197.252 Homestead tax deferral.— (1) Any person who is entitled to claim homestead tax exemption under s. 196.031(1) may apply to defer payment of a portion of the combined total of the ad valorem taxes, non-ad valorem assessments, and interest accumulated on a tax certificate. Any applicant who is entitled to receive the homestead tax exemption but has waived it for any reason shall furnish a certificate of eligibility to receive the exemption. Such certificate shall be prepared by the county property appraiser upon request of the taxpayer. (2)(a) Approval of an application for homestead tax deferral shall defer the combined total of ad valorem taxes and non-ad valorem assessments:
1. Which exceeds 5 percent of the applicant’s household income for the prior calendar year if the applicant is younger than 65 years old;
12. Which exceeds 3 percent of the applicant’s household income for the prior calendar year if the applicant is 65 years old or older; or 13. In its entirety if the applicant’s household income:
a. For the previous calendar year is less than $10,000; or
b. Is less than the designated amount for the additional homestead exemption under s. 196.075 and the applicant is 65 years old or older.

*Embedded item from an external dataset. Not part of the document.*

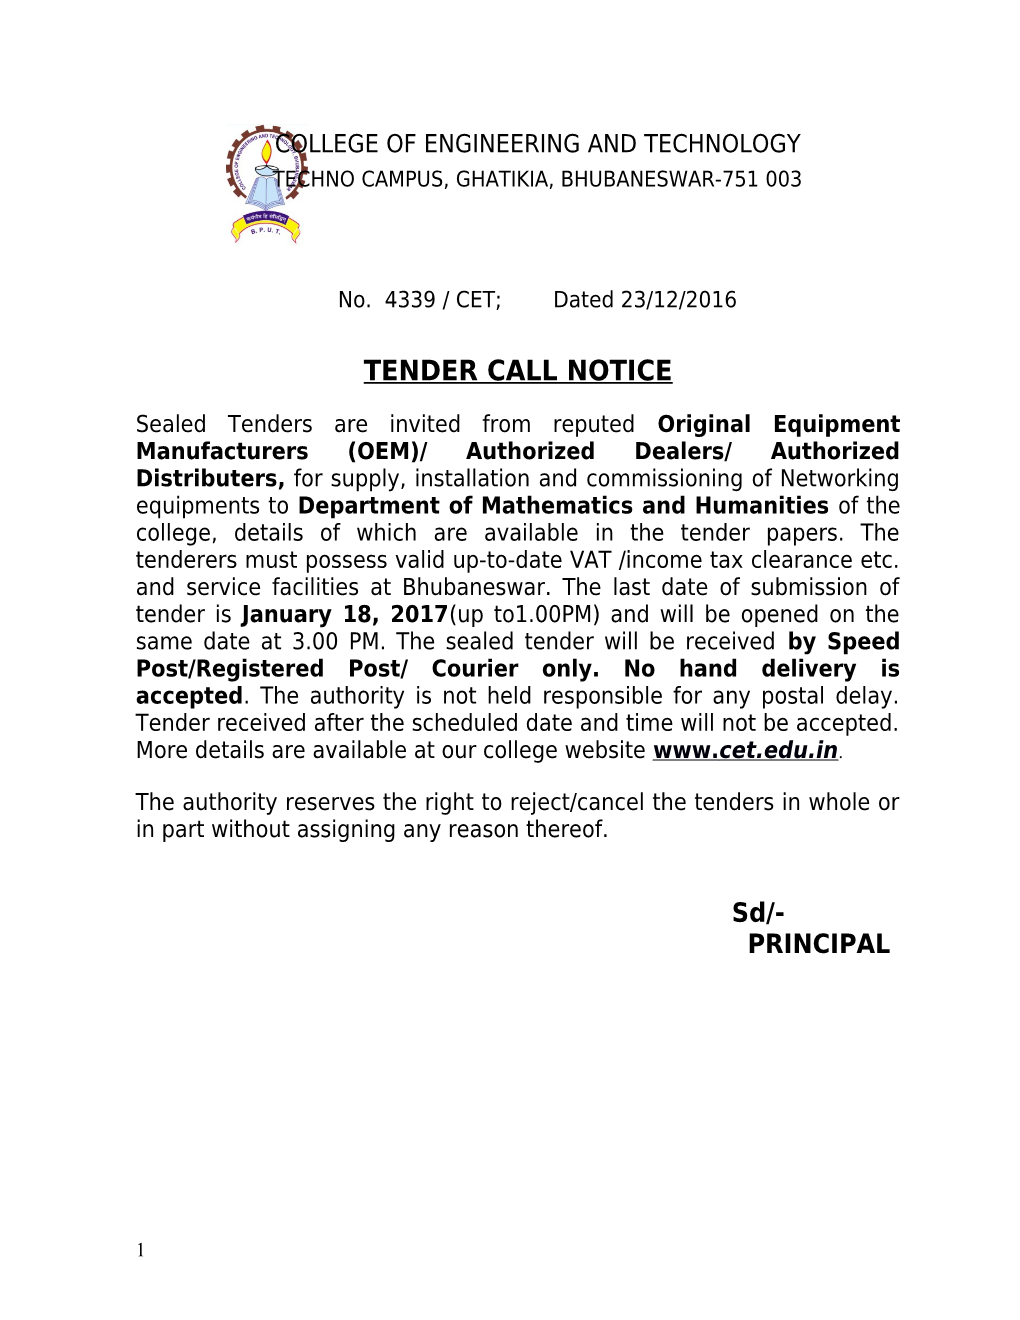 Tender Call Notice s1

(b) The household income of an applicant who applies for a tax deferral before the end of the calendar year in which the taxes and non-ad valorem assessments are assessed shall be for the current year, adjusted to reflect estimated income for the full calendar year period. The estimate of a full year’s household income shall be made by multiplying the household income received to the date of application by a fraction, the numerator being 365 and the denominator being the number of days expired in the calendar year to the date of application.

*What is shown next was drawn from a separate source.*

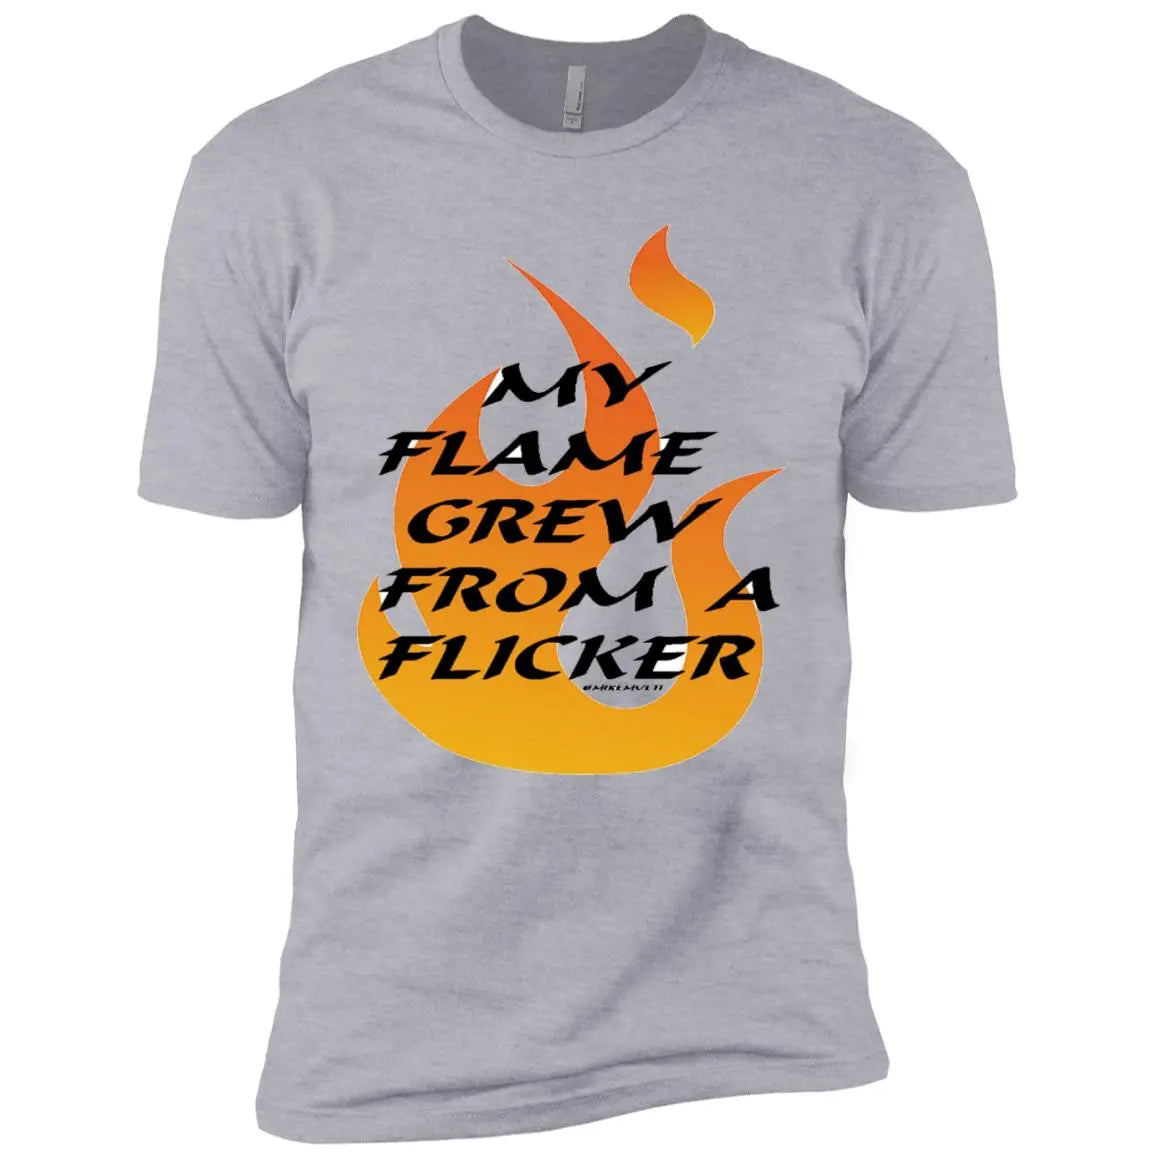 Flame From Flicker - Boys' Cotton T-Shirt CustomCat

(3) The property appraiser shall promptly notify the tax collector if there is a change in ownership or the homestead exemption has been denied on property that has been granted a tax deferral.
History.—s. 3, ch. 77-301; s. 2, ch. 78-161; s. 20, ch. 79-334; s. 145, ch. 85-342; s. 1, ch. 89-328; s. 1007, ch. 95-147; s. 5, ch. 98-139; s. 1, ch. 2006-47; s. 8, ch. 2006-69; s. 7, ch. 2007-339; s. 15, ch. 2011-151; s. 3, ch. 2012-57.
1Note.—Section 7, ch. 2007-339, amended s. 197.252(2)(b); s. 1, ch. 2007-339, provided authorization for adoption of emergency rules to implement ch. 2007-339. Section 15, ch. 2011-151, deleted paragraph (2)(b) and added substantially similar material at subparagraphs (2)(a)2. and 3. Section 1, ch. 2007-339, provides that:
“(1) The executive director of the Department of Revenue is authorized, and all conditions are deemed met, to adopt emergency rules under ss. 120.536(1) and 120.54(4), Florida Statutes, for the purpose of implementing this act.
“(2) In anticipation of implementing this act, the executive director of the Department of Revenue is authorized, and all conditions are deemed met, to adopt emergency rules under ss. 120.536(1) and 120.54(4), Florida Statutes, for the purpose of making necessary changes and preparations so that forms, methods, and data records, electronic or otherwise, are ready and in place if sections 3 through 9 and sections 10, 12, and 14 . . . of this act become law.
“(3) Notwithstanding any other provision of law, such emergency rules shall remain in effect for 18 months after the date of adoption and may be renewed during the pendency of procedures to adopt rules addressing the subject of the emergency rules.”